Today, I noticed that Target is selling a fog machine with a built-in fog chiller. You have to add your own ice to it, natch.

We use some big, clunky fog chillers that we made out of big ice chests, but our fog machines are going on the fritz, and we're going to need to purchase some new ones.

So I'm wondering if anyone has one of these, and whether it works as advertised. It doesn't seem large enough to really cool down the fog enough, but maybe there's some efficiencies with putting the ice next to where the fog is generated.

Can anyone provide a review?


----------



## Devils Chariot

I had a similar and nice one, but the same size. the ice runs out fast. It would only be good for small puffs of fog, set on a timer. Mine has since broke. It cost more than a plain fogger and a styrofoam chest, so... hmmm. I say skip it.


----------



## Turbophanx

this and the fact that the fog coming out can not be directed or piped. The mouth is too wide and its not sent with pressure.


----------



## Nephilim

The ice running out quickly and the lack of directability are fatal to this purchase for me.

Thanks for posting your reviews - it really helped!


----------



## Gory Corey

Only one I bought (3 yrs ago) sucked


----------



## abrcrombe

I saw it and was intrigued, but glad I didn't get it now that I read your opinions!


----------



## slimy

Ditto to all this.

I bought one a couple of years ago. Would not do it again. Very disappointed.


----------



## Desmodus

Besides, it's only a 400 watt job, really too small for anything good, and the fog isnt' given enough time in the ice to properly chill. I still think the best solution is the homemade one, with a cooler.


----------



## Vlad

What's the old saying? Actual results may vary. LOL Okay, I wound up with some of these in my never ending quest to buy every fogger for sale on the East coast. I've got the bigger 700 Watt units, and the smaller 400 Watts, I have different manufacturers. If used properly, these things will do exactly what they should, if you put them outside their operating parameters, you will be sadly dissapointed. These machines have a few drawbacks it's true. The ice does melt out quickly. I think when people are talking about directability/directionality, they really mean that the fog isn't propelled as far out the nozzle (distance). I don't know of any off the shelf foggers that have true adjustable directionality at the nozzle (in other words you want the fog to go a different way, you gotta turn the fogger, lol).
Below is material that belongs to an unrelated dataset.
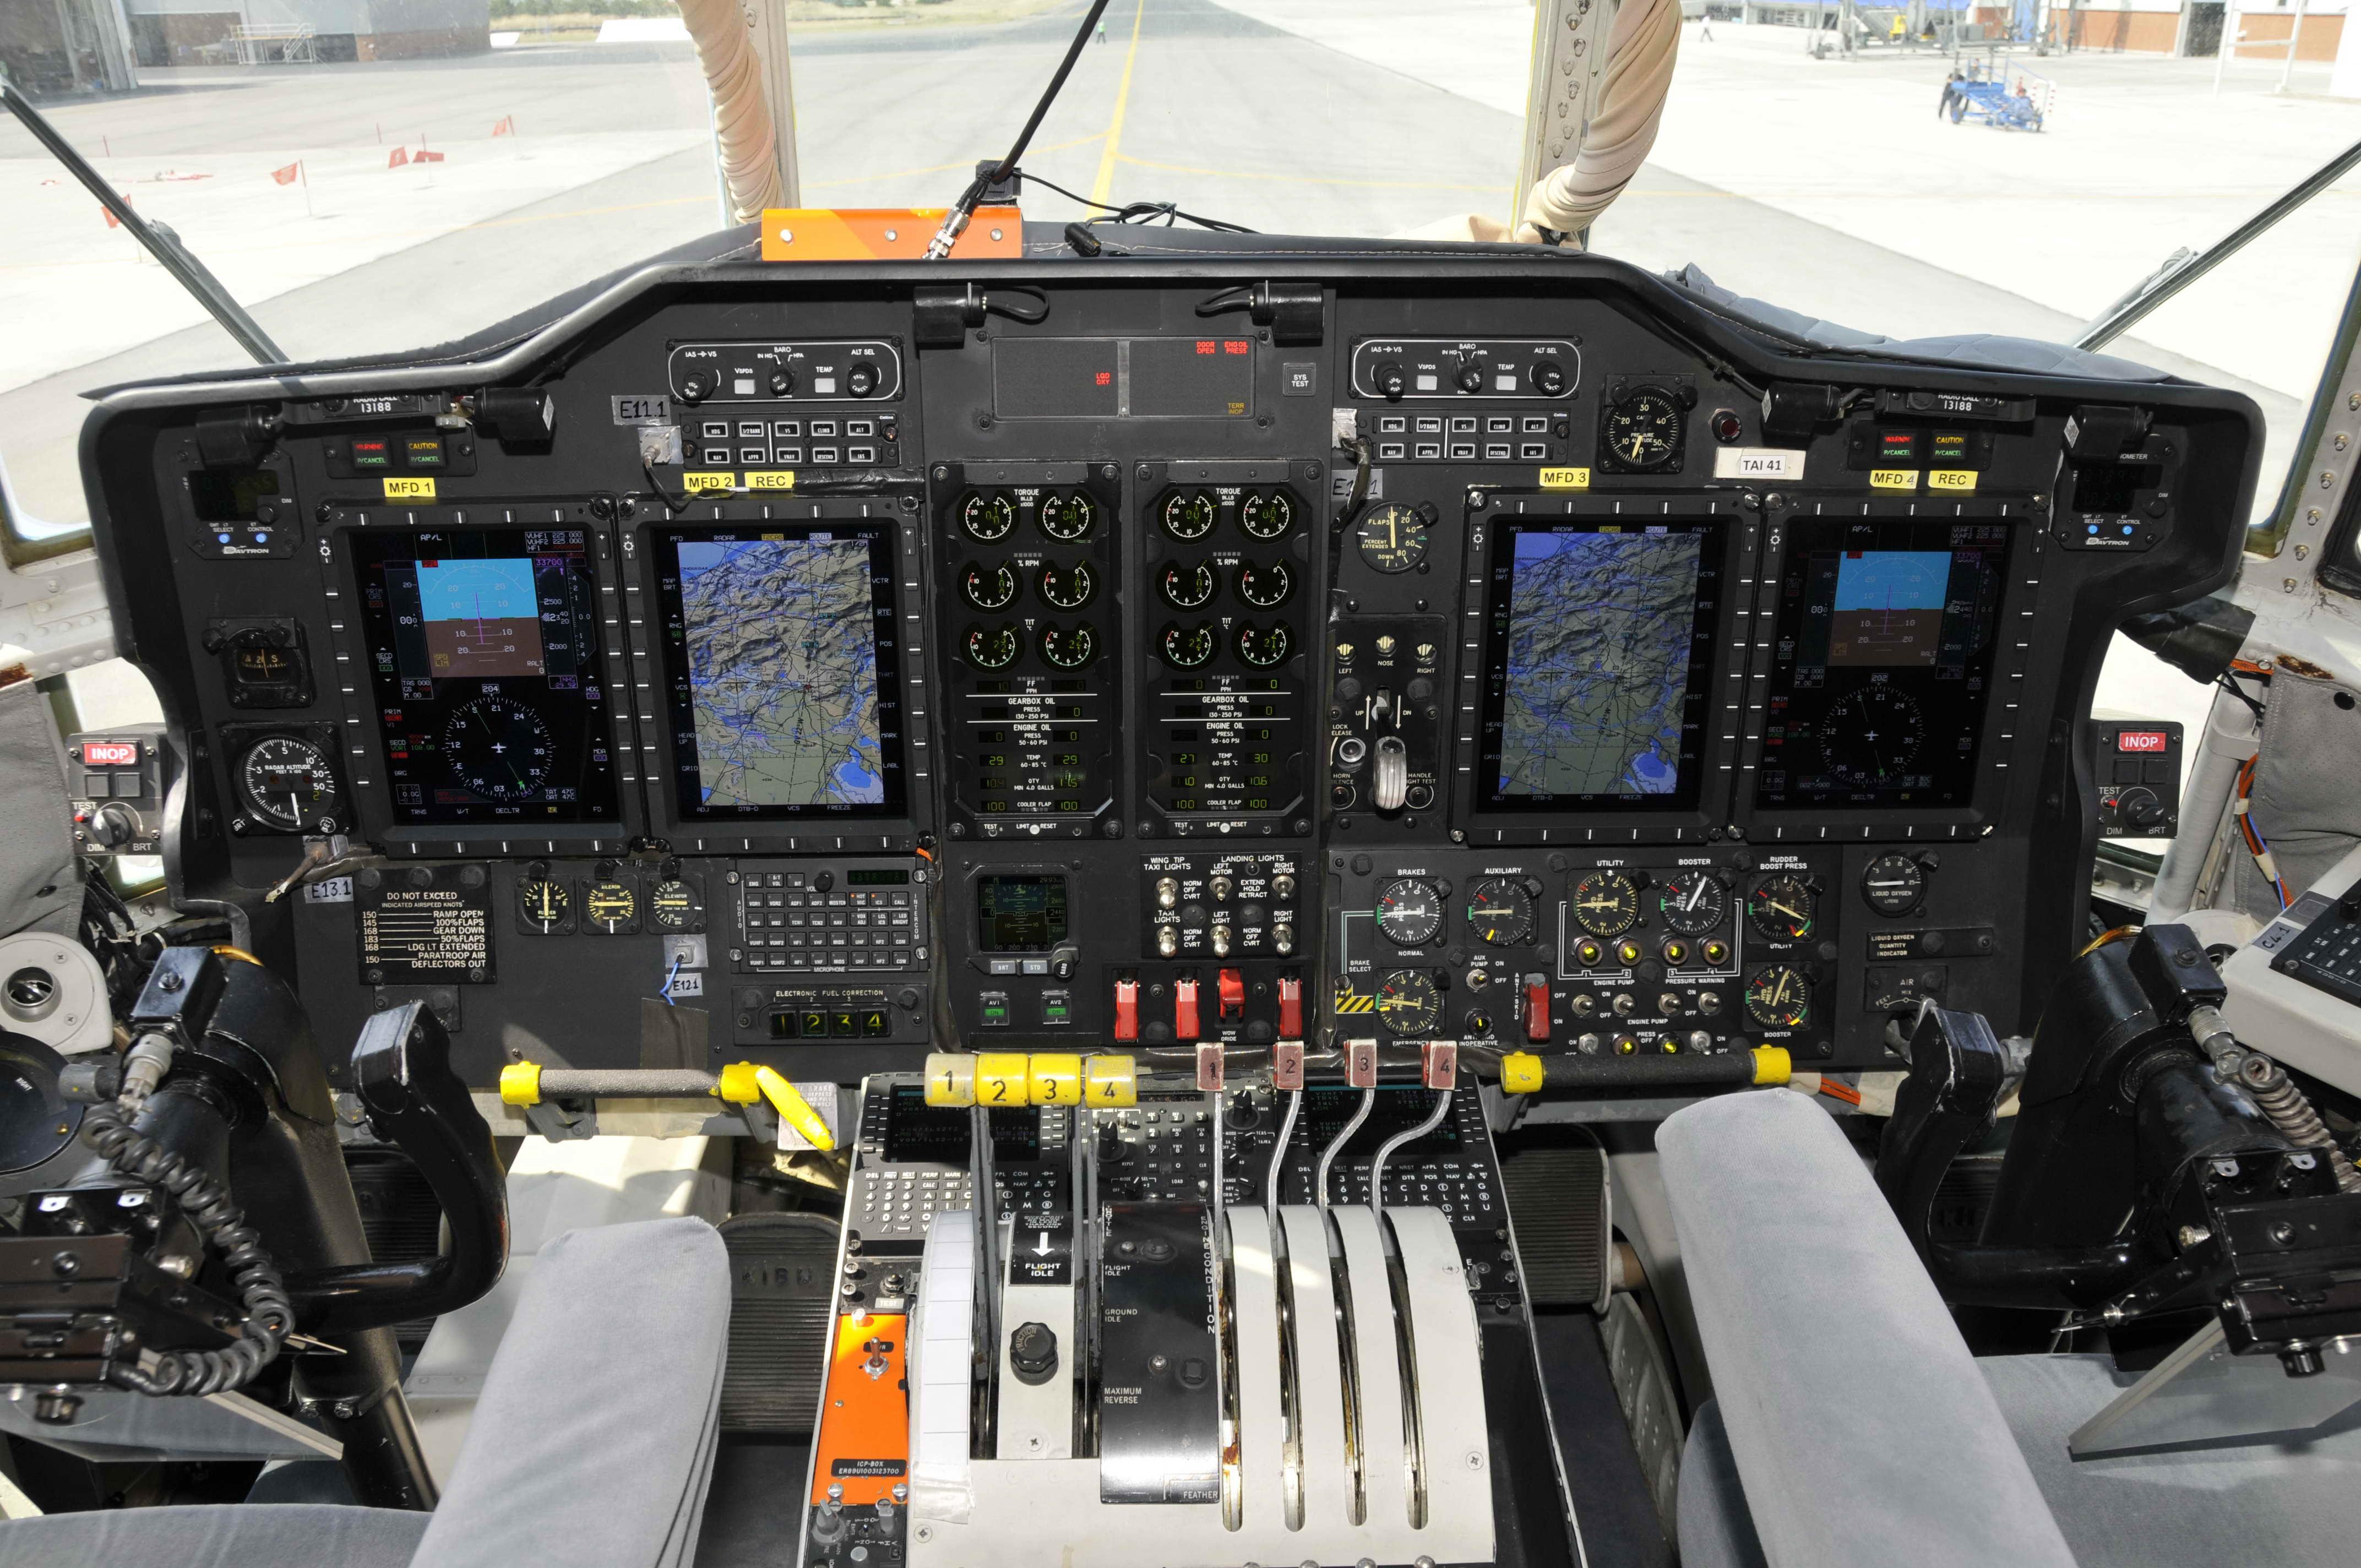 TUSAŞ, ERCİYES Projesinde 7 Uçağın Modernizasyonunu Tamamladı
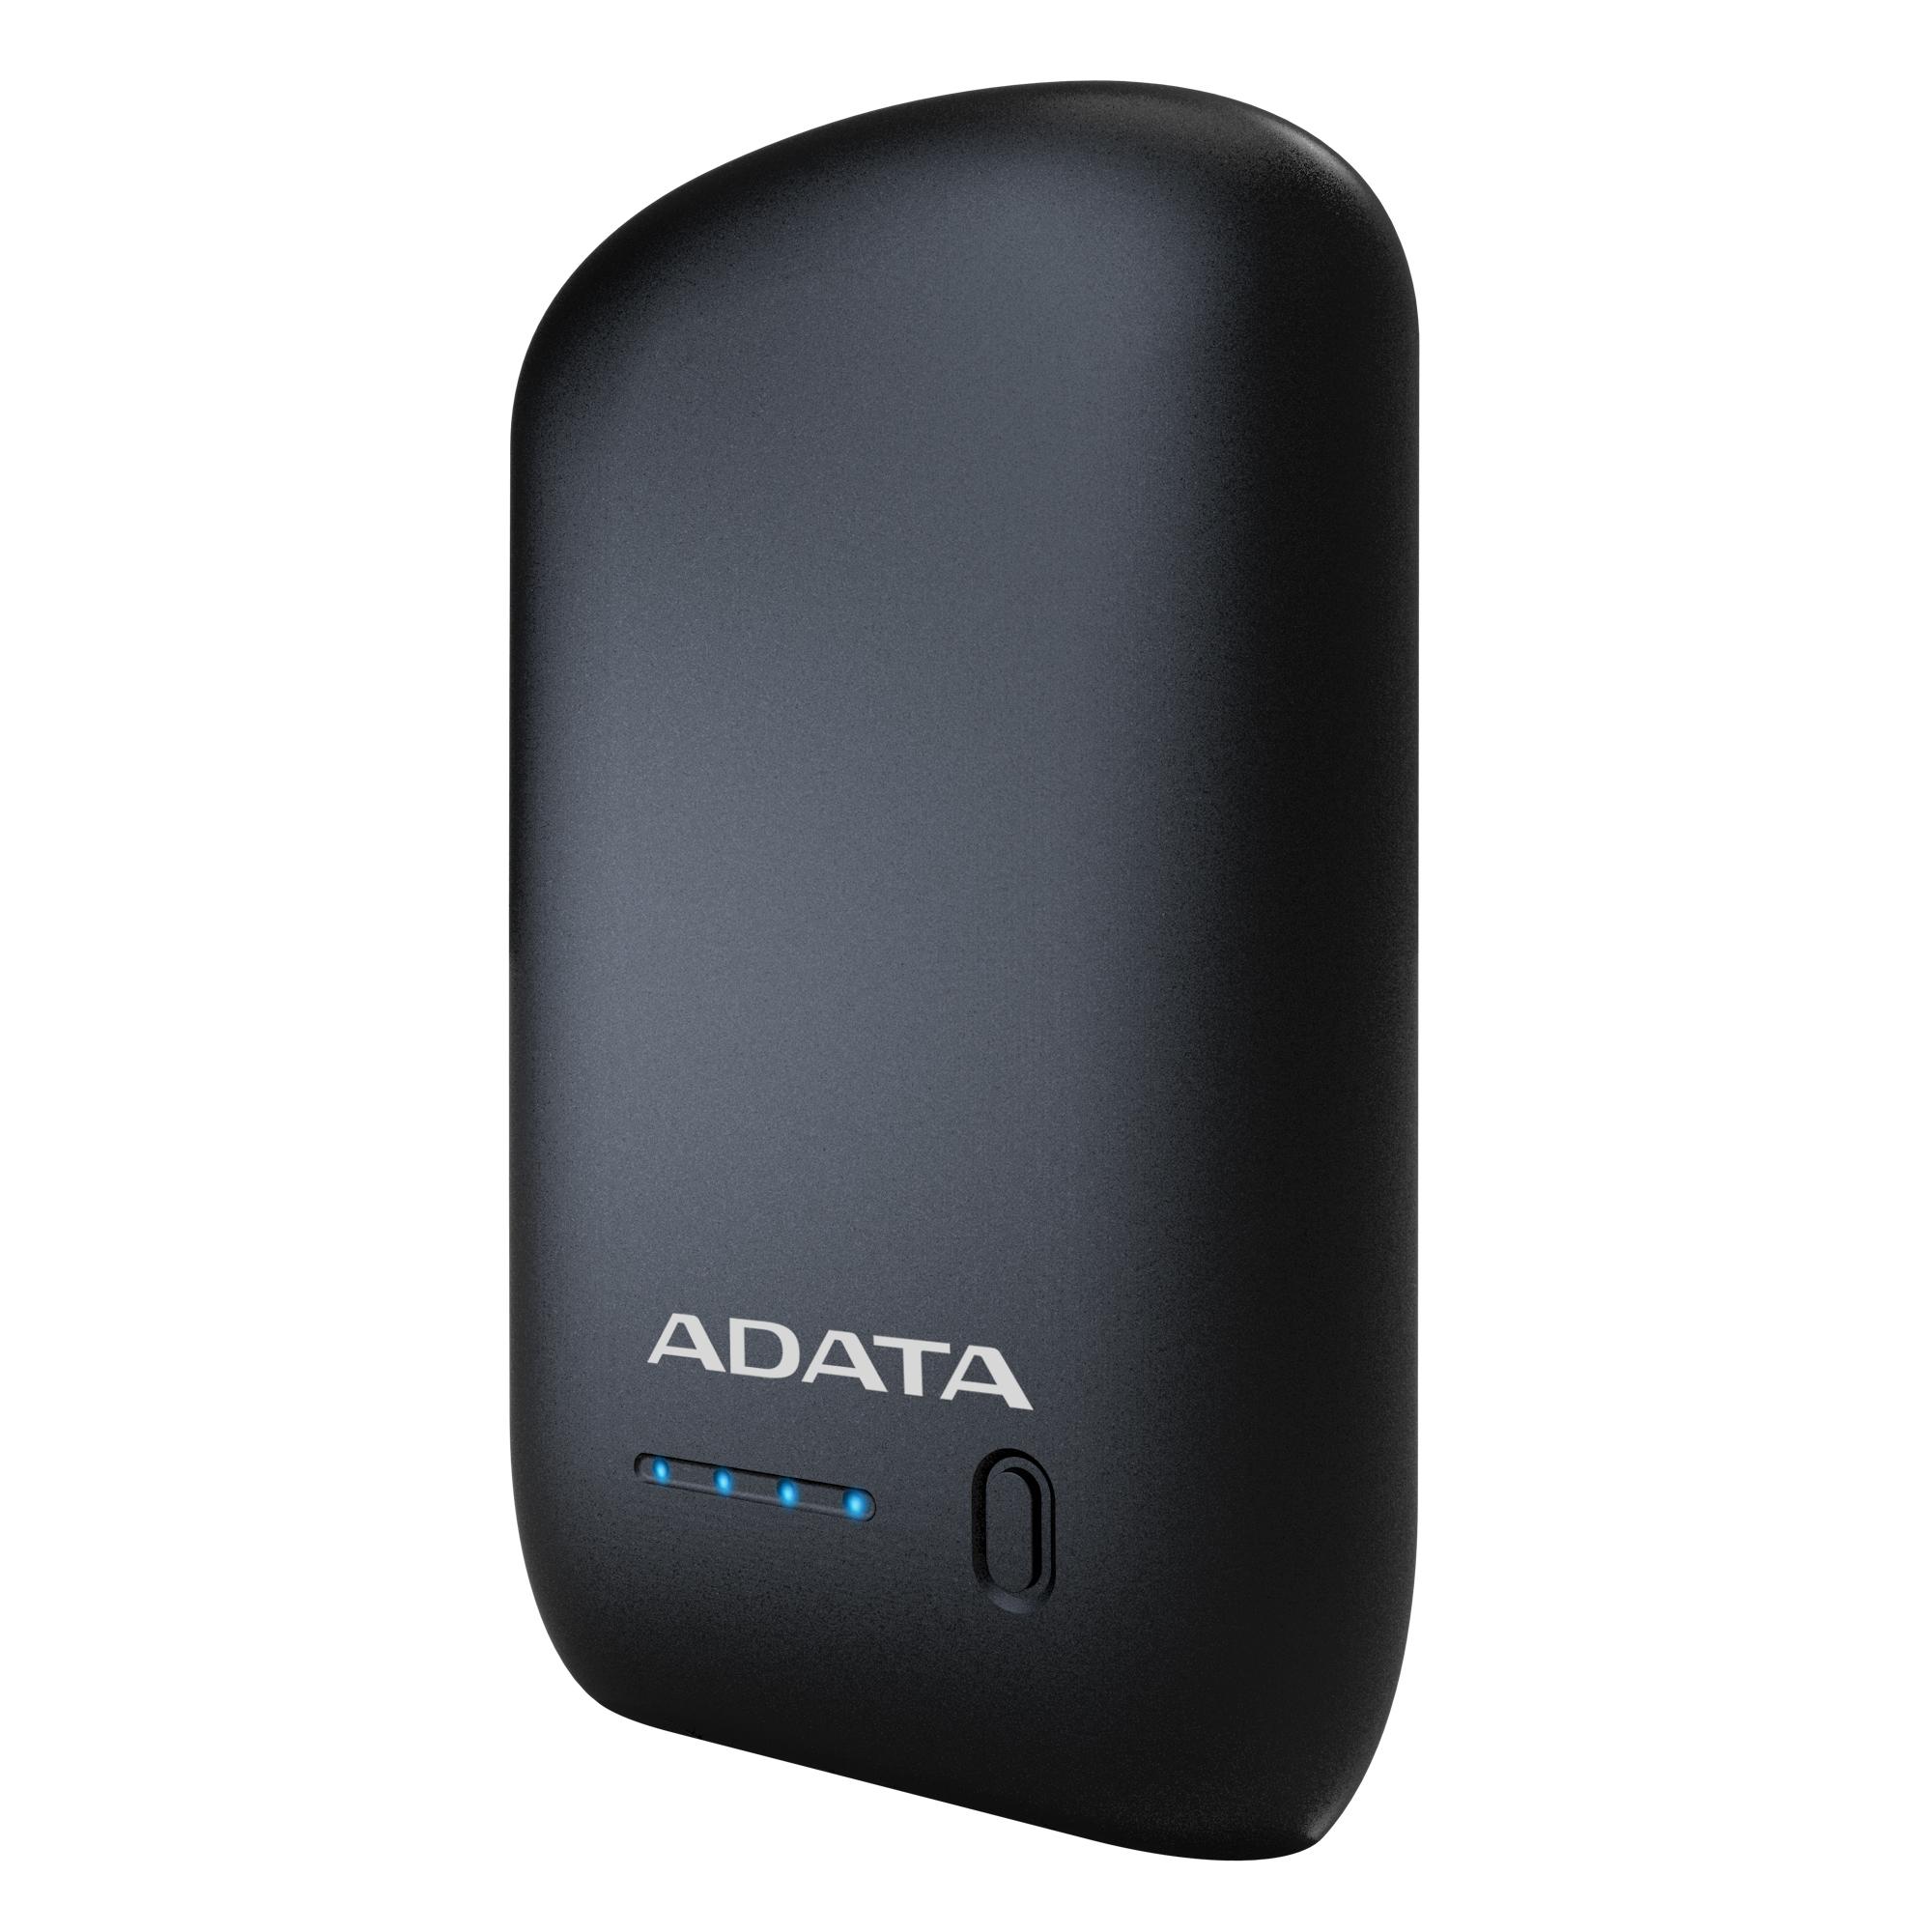 ADATA P10050 Power Bank 10050mAh černá

If we're talking distance fog with these things, yeah forget it, if you need spot ground fog in a room or special location, these units are the ticket. They need to be away from wind even more so than a standard fogger. But in tests I ran, they produced a nice thick fog in a sheltered specific area. The right tool for the right job.


----------



## saint paul mn

I bought one too. I don't even put ice in it anymore. just a regular fogger for me.


----------



## Decrepit Desecr8shun

I bought the gemmy one(which is probably the same one your looking @) after I lost my storage unit w/ 2 professional 1500 watt Ness foggers in it(and almost everything I owned!). Very disappointed w/ fog output and the weak cooling effect...most of the fog still goes up. Garbage! So I brought out the trusty Saws all & cut the front off of it. Solved that problem! Used a 1 1/2" Inner diameter corregated hose and plumbed it into the base of my 5ft tall Obelisk tombstone which I built w/ a fog chiller inside...works great now! Lesson learned...stay w/ the semi-pro or professional models only. Buy cheap and that's what you get...cheap.


----------



## Sledge

I had the same problem it doesn't hold much ice to begin with and the ice was gone in about an hour and with everything else going on you never really get around to reloading.


----------



## Fright Zone

Here's my video of what a Gemmy could do. BUT it only gave me perfect ground hugging fog once. Returned it to Wal-Mart. 400w foggers have a long reheating time too. Made a 48qt Igloo Cube Cooler Chiller and 26 gal trash can chiller.

http://tinyurl.com/m9pzl8


----------